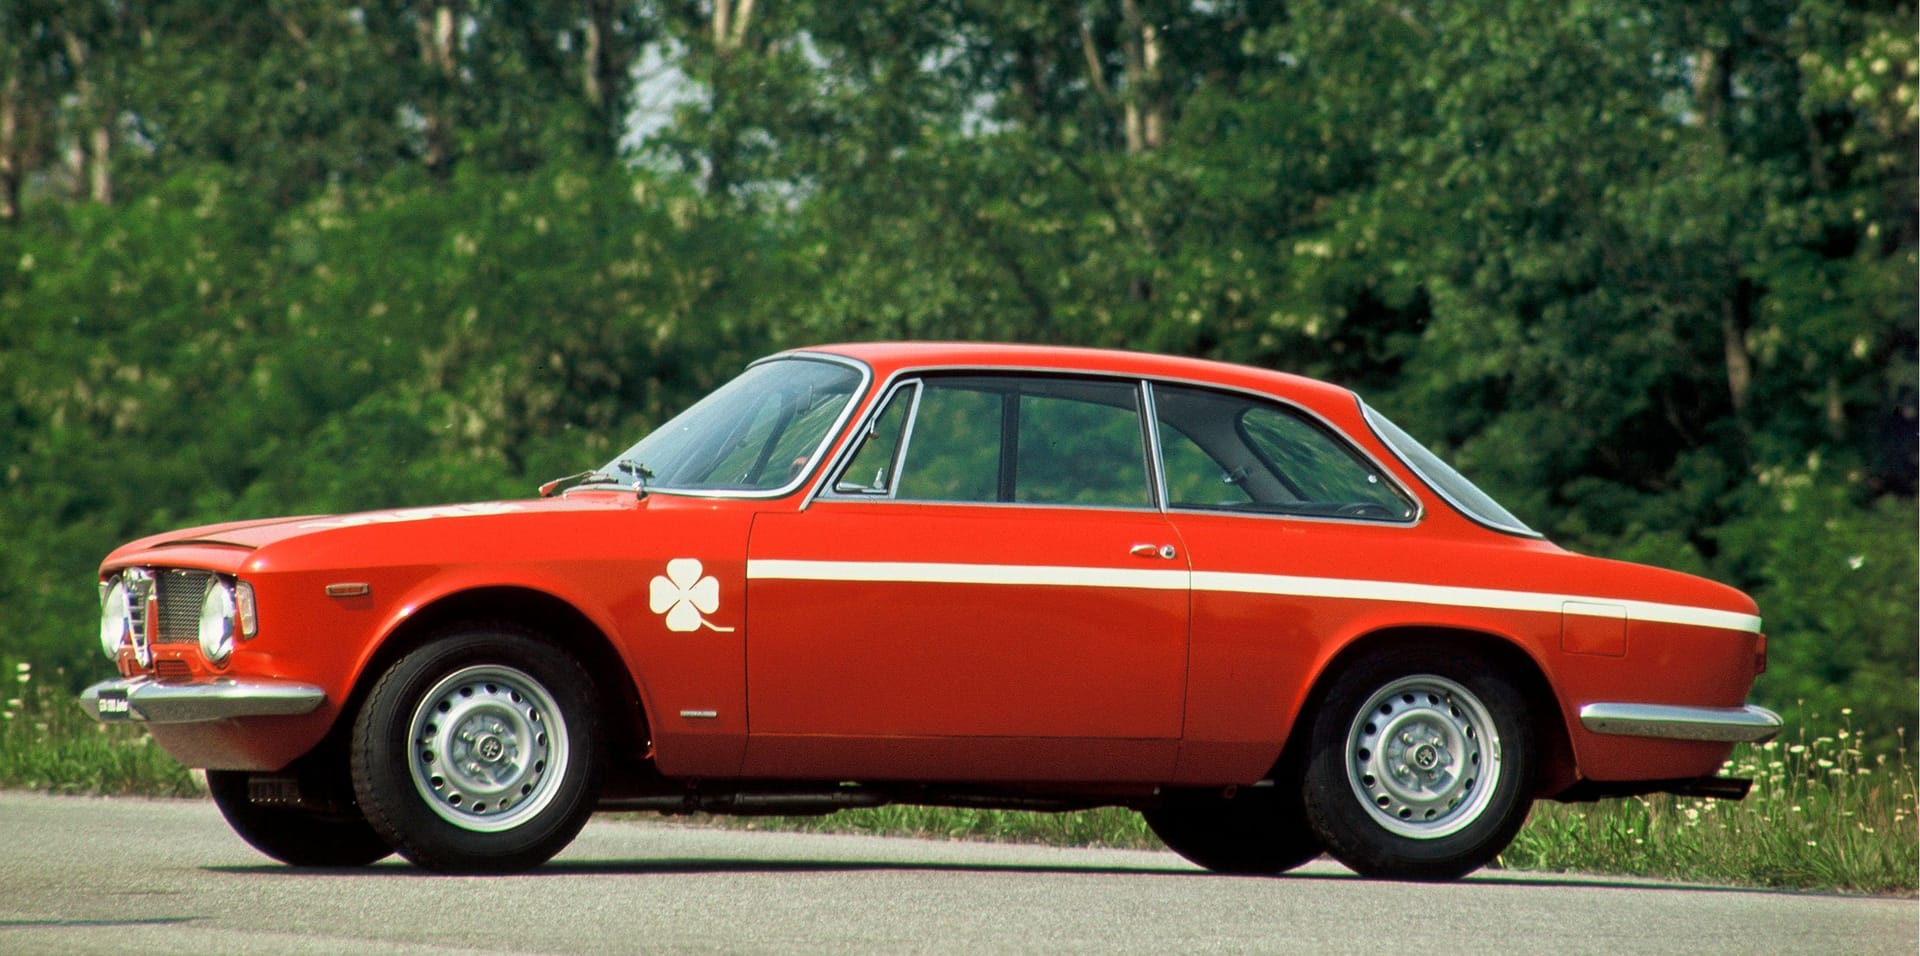 Namensvorbild: Alfa Romeo Giulia Coupé 1300 GTA Junior (1968 bis 1975) und weitere Modelle trugen ab den Sechzigerjahren bereits den Zusatz "Junior".
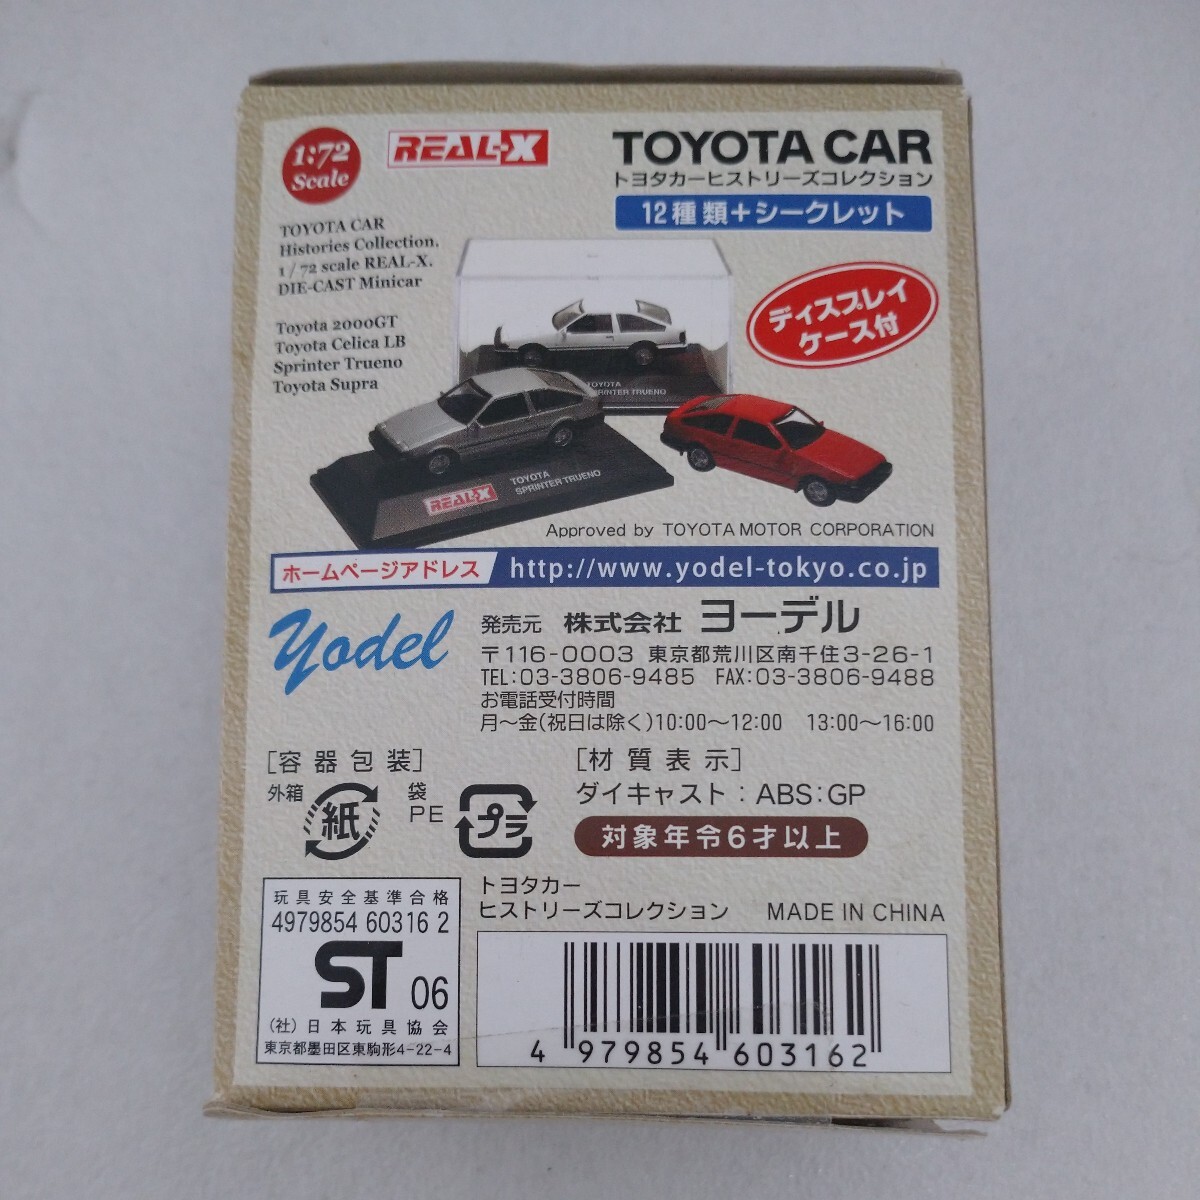 [ нераспечатанный ] Toyota машина hi -тактный Lee z коллекция REAL-X 1/72 миникар модель 
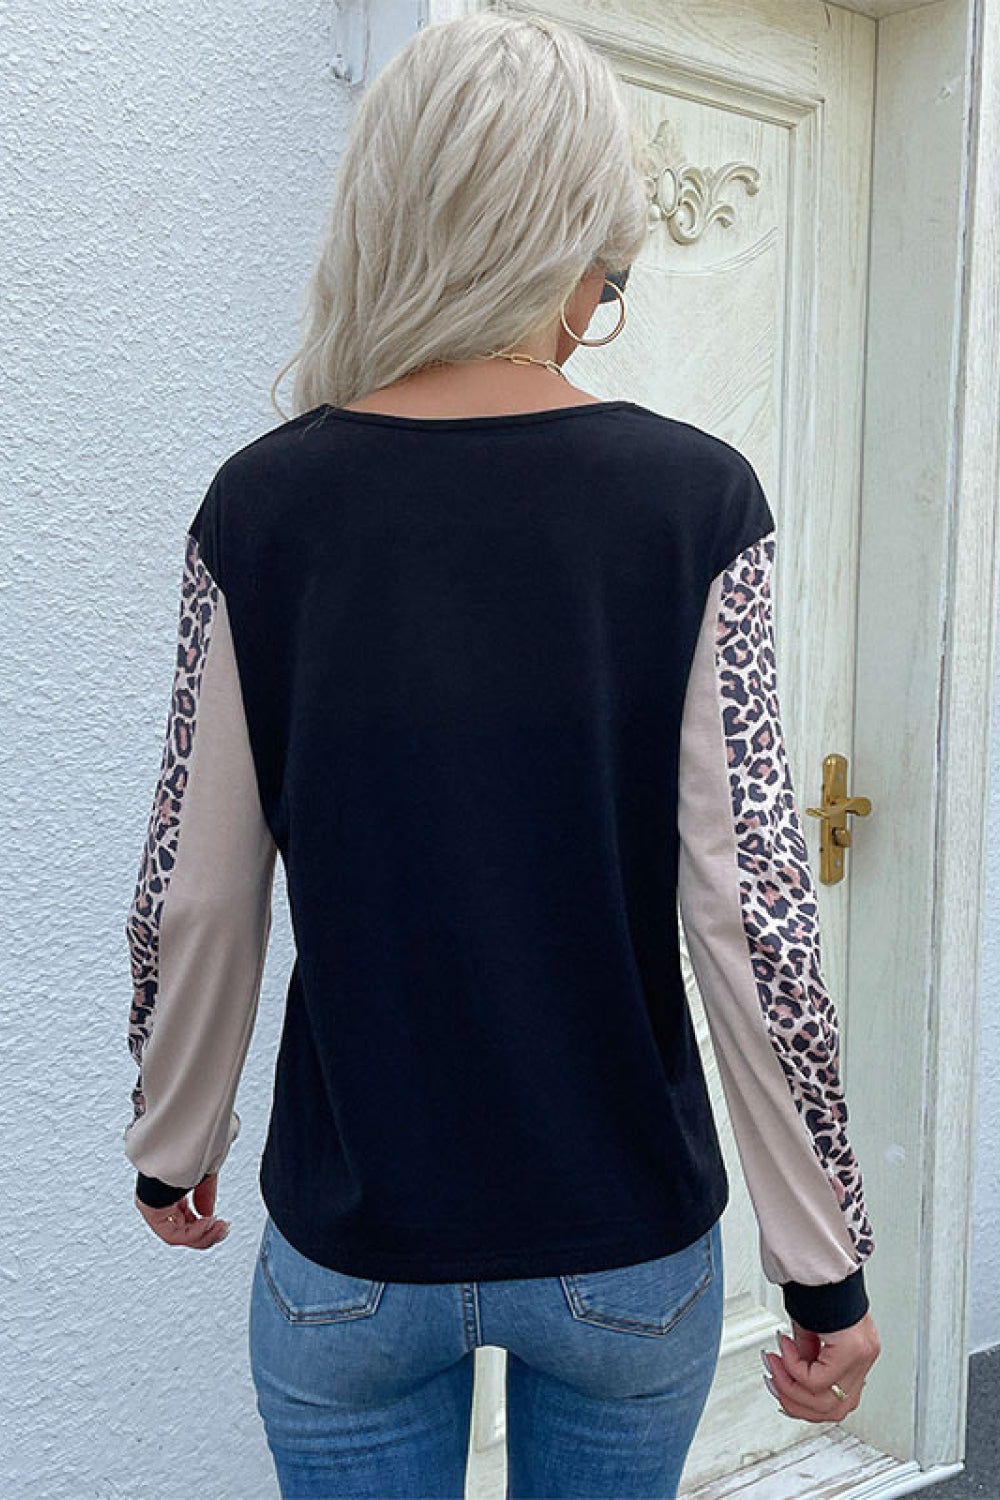 Leopard Color Block Long Sleeve Sweatshirt - Sweatshirts & Hoodies - FITGGINS

#### EXERCISE INSTRUCTIONS:
Return only the lines from the one that contains "[ нераспечатанный ]" through the closing line of the data, inclusive, reproduced exactly and with every picture left out.

#### EXERCISE RESPONSE:
 [ нераспечатанный ] Toyota машина hi -тактный Lee z коллекция REAL-X 1/72 миникар модель 
 Leopard Color Block Long Sleeve Sweatshirt - Sweatshirts & Hoodies - FITGGINS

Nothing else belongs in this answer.